Babilónia, Yasmina Reza (Quetzal)

Yasmina Reza @ Clube de Leituras
  Conhecia esta autora apenas através do filme O Deus da Carnificina. No início das férias, comentava livros e autores com o meu irmão e apercebemo-nos que, embora os tivéssemos confundido inicialmente, estávamos a falar de autores diferentes. Enquanto ele falava de Yasmina Reza, eu falava de Yasmina Khadra e a conversa terminou com conselhos de leituras cruzadas. Poucos dias depois, quando visitava a Livraria de Santiago, em Óbidos, encontrei este livro que comprei e comecei a ler de seguida.
    O início do livro lembrou-me muito o livro Mrs. Dalloway, de Virginia Woolf. Se em Mrs. Dalloway a ação decorre integralmente num dia, e à volta da preparação da festa que ocupa quase obsessivamente o pensamento de Clarissa Dalloway, também a primeira parte deste livro é ocupado com a preparação da festa da primavera, em casa de Elisabeth e Pierre, que nunca tinham feito nada do género, nem festa, nem convívio, muito menos de primavera. O que tinha começado por um pequeno jantar de amigos foi-se alargando a cerca de 40 pessoas.
    «Arrependi-me na hora. Naquela noite não preguei olho. Onde iria sentar aquela gente? Tínhamos sete cadeiras contando com o cadeirão marroquino. (...) Quanto aos copos...Durante a noite levantei-me para ir contar quantos copos tínhamos. Trinta e cinco mais ou menos díspares. Mais seis copos de champanhe de outro armário».

     O mais fascinante, contudo, é a fluência do pensamento da narradora,  Elisabeth, que vai passando de uma ideia a outra, desde a recente morte da mãe, aos vizinhos, a recordações da infância, ao receio quanto ao envelhecimento:

   «A mulher tem de ser jovial. Contrariamente ao homem, que pode entregar-se ao desânimo e à melancolia. A partir de uma certa idade, a mulher está condenada ao bom humor. Quando ficas de trombas aos vinte anos és sexy, aos sessenta és uma chata.»

   A passagem  do tempo é igualmente um tema quase obsessivamente presente:

  «Tu também avanças na idade como todos aqueles que conheces, e senti que fazia parte de uma multidão errante, de mãos dadas, avançando na idade para o desconhecido.»
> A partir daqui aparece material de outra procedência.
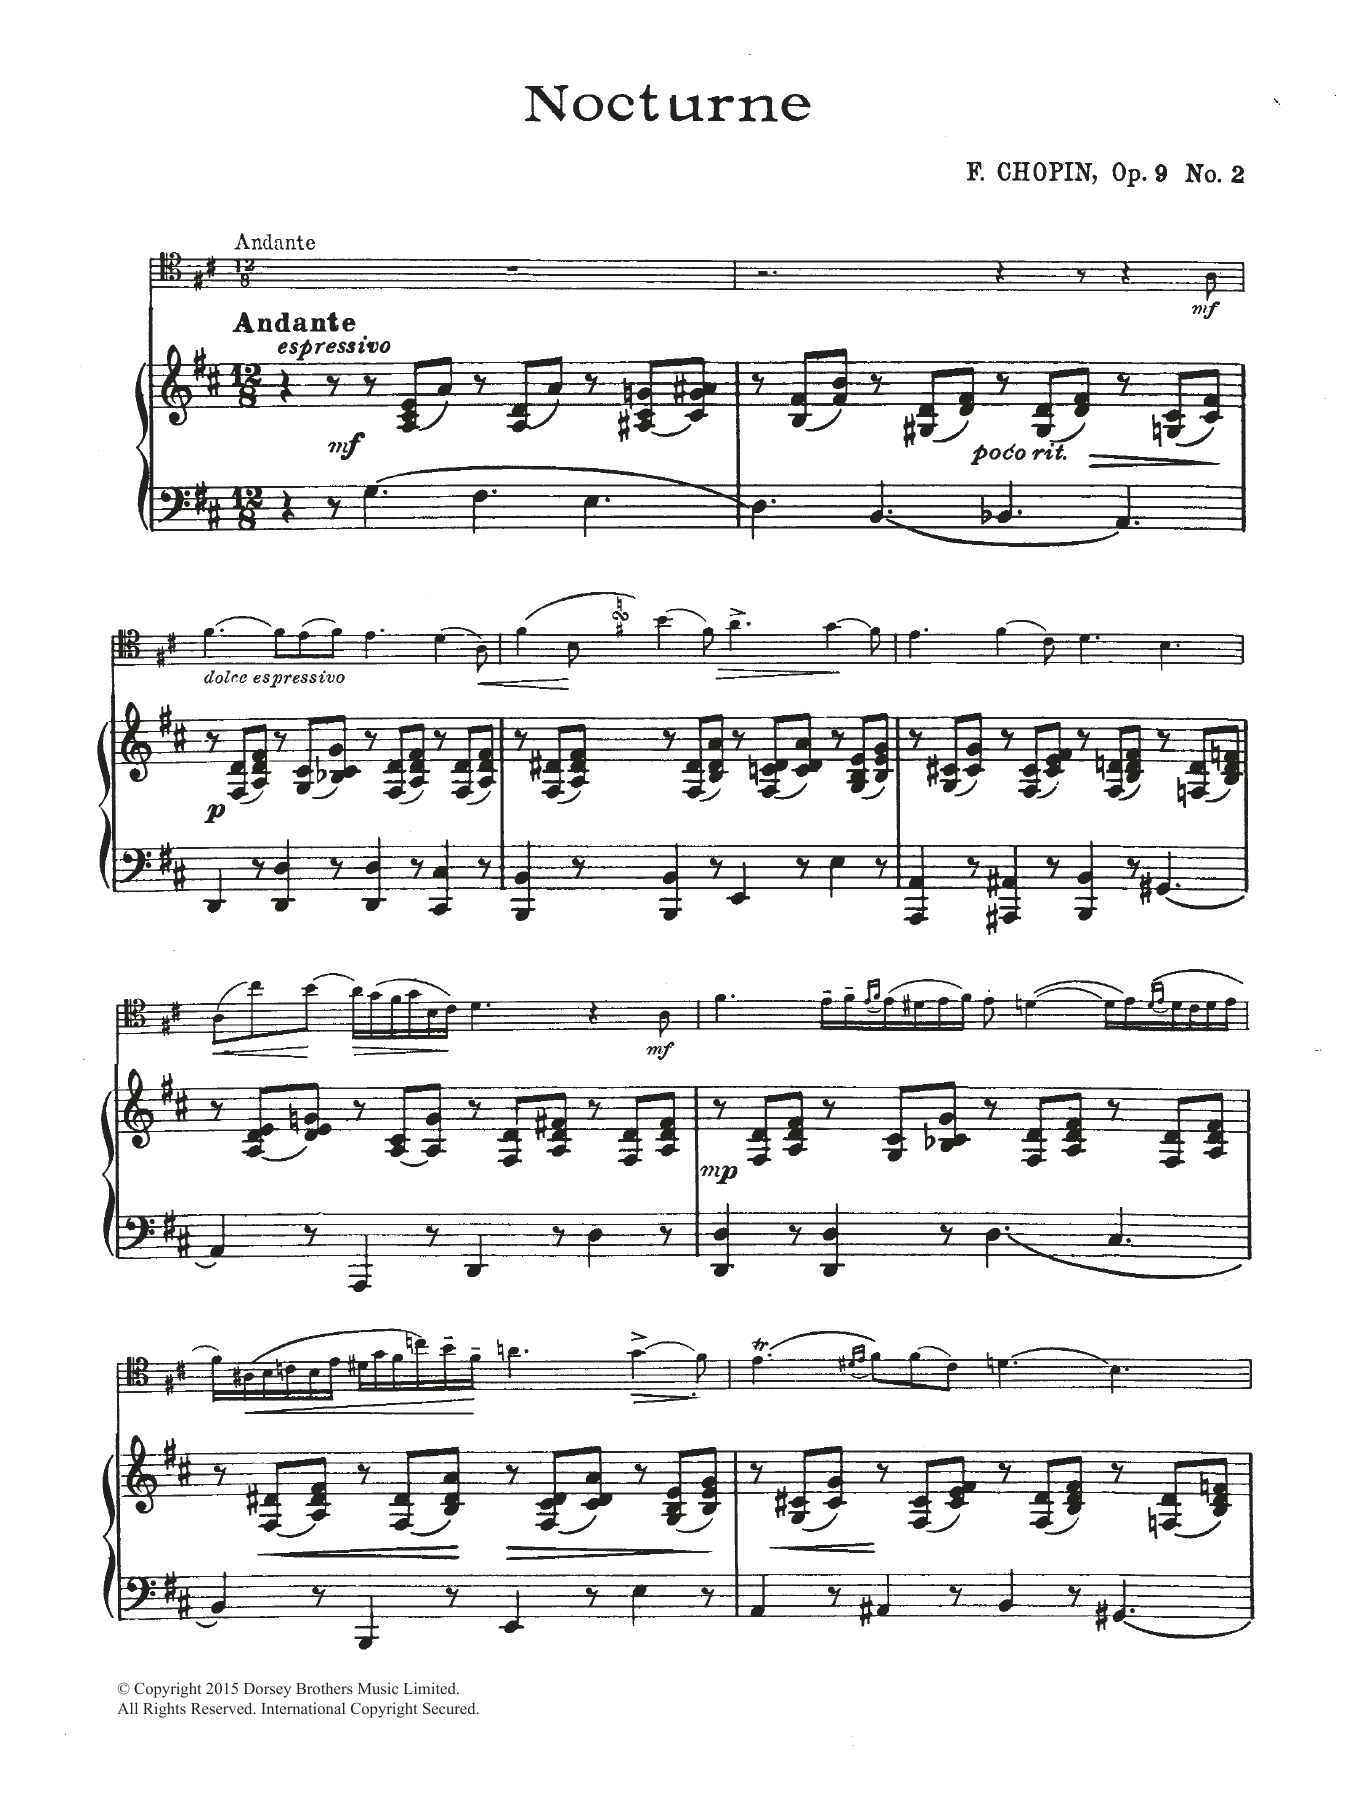 Nocturne in E Flat Major, Op.9, No.2 Sheet Music
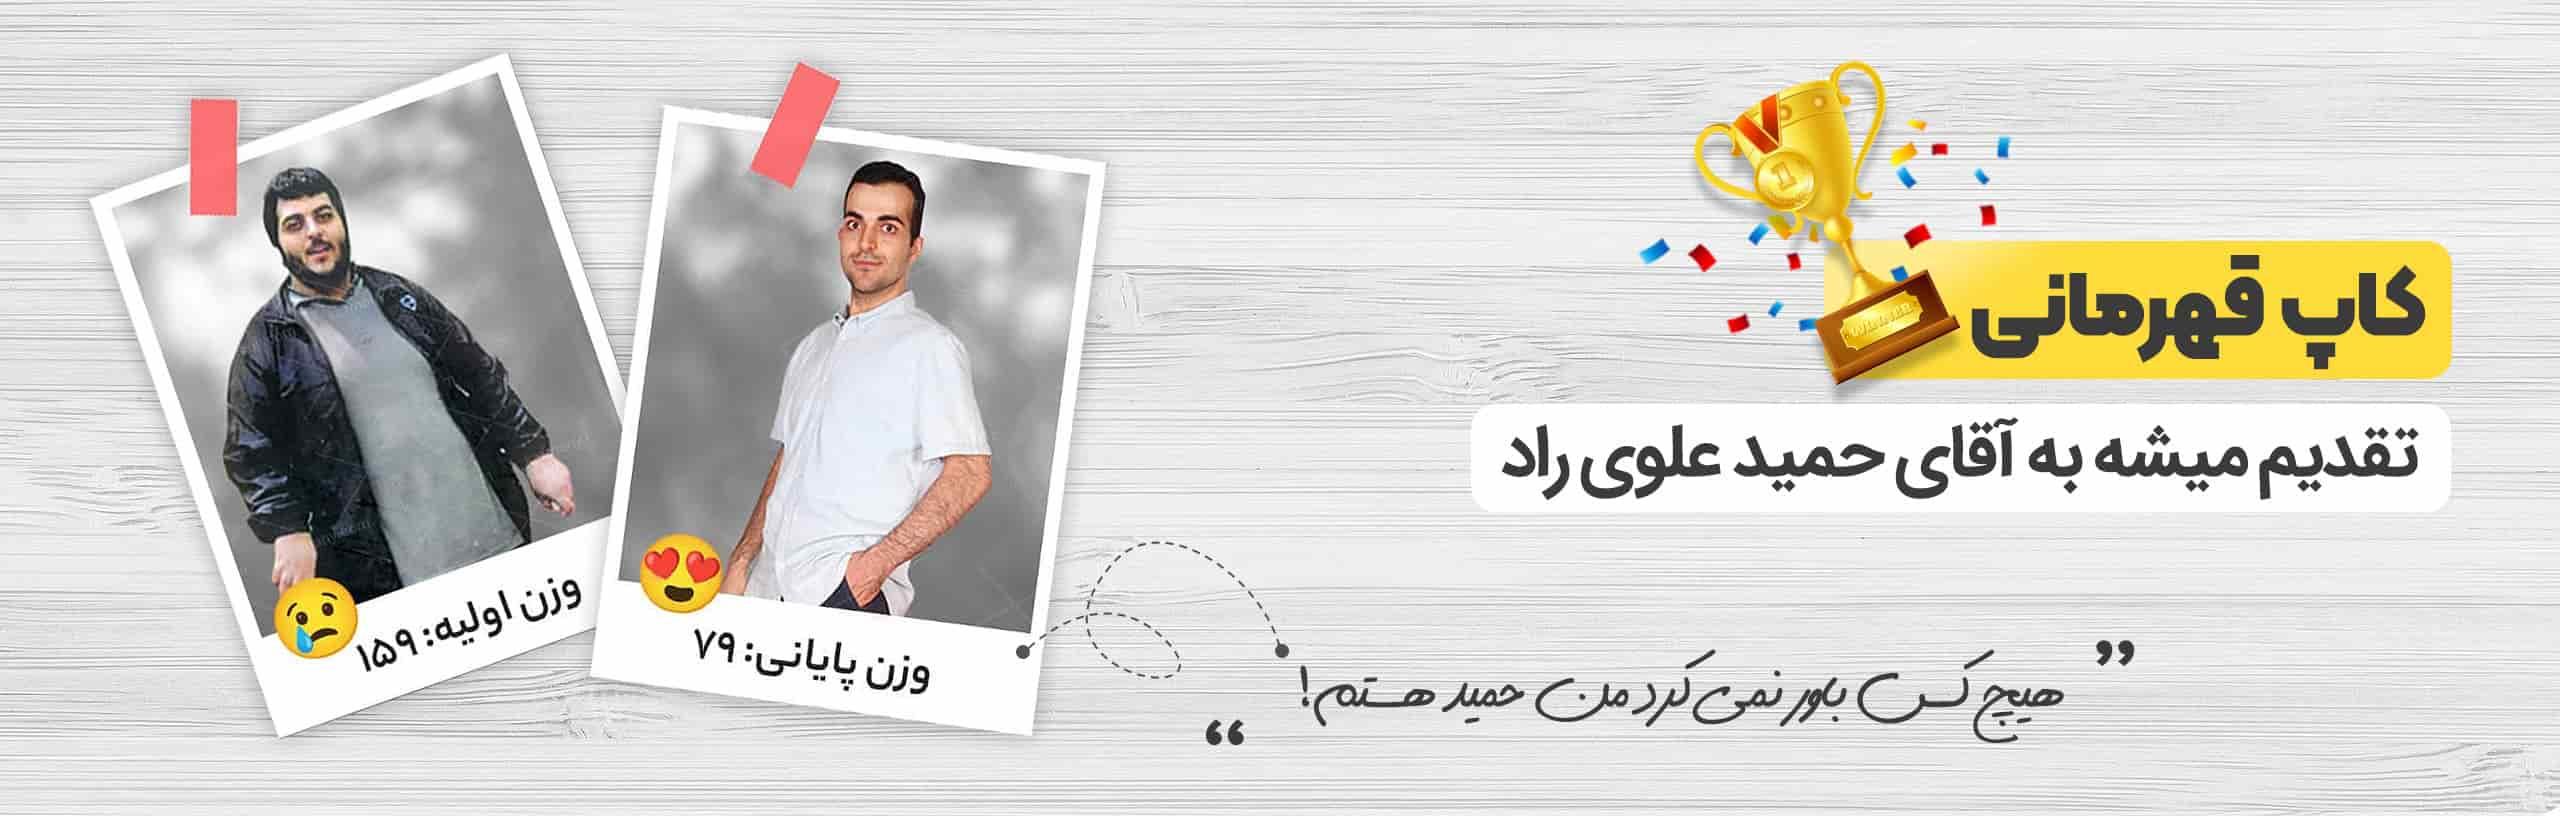 record bornafit desktop slider برنافیت دکتر کرمانی دکتر کرمانی

    Quase nos sentimos dentro da cabeça dela, na vertigem dos pensamentos que a ocupam, sem qualquer ordem, e que ela vai transpondo para o papel da mesma forma. No meio dos preparativos para a festa e das suas reminiscências, vai falando dos convidados que virão à festa, sobretudo dos vizinhos, o casal Manoscrivi.
     E é com este casal, diferente dos outros convidados presentes, que as coisas se descontrolam já depois de terem saído da festa. Quase como se uma faísca, quase imperceptível aos olhos dos outros, conseguisse atear um fogo. Saímos da cabeça da Elisabeth para acompanhar o que se passa e as decisões que são tomadas face aos acontecimentos.
     Embora não tenha lido O Deus da carnificina - só vi o filme - senti que havia alguma similitude: um encontro entre pessoas que se inicia cordatamente mas que, a dada altura, quase inexplicavelmente, as coisas descontrolam-se. Pessoas normais, os nosso vizinhos, amigos, colegas, nós mesmo, podemos perder o controlo de uma forma irreversível. Um pouco assustador.

    Uma palavra final para a edição que é muito cuidada e lindíssima. No debate livros em papel versus livro eletrónico, esta edição da Quetzal é claramente um argumento favorável aos primeiros, desde a capa à letra, às badanas, à nota final sobre a autora e a tradutora. Até ao pormenor do copo abandonado,  deitado que aparece no princípio do livro e na contracapa.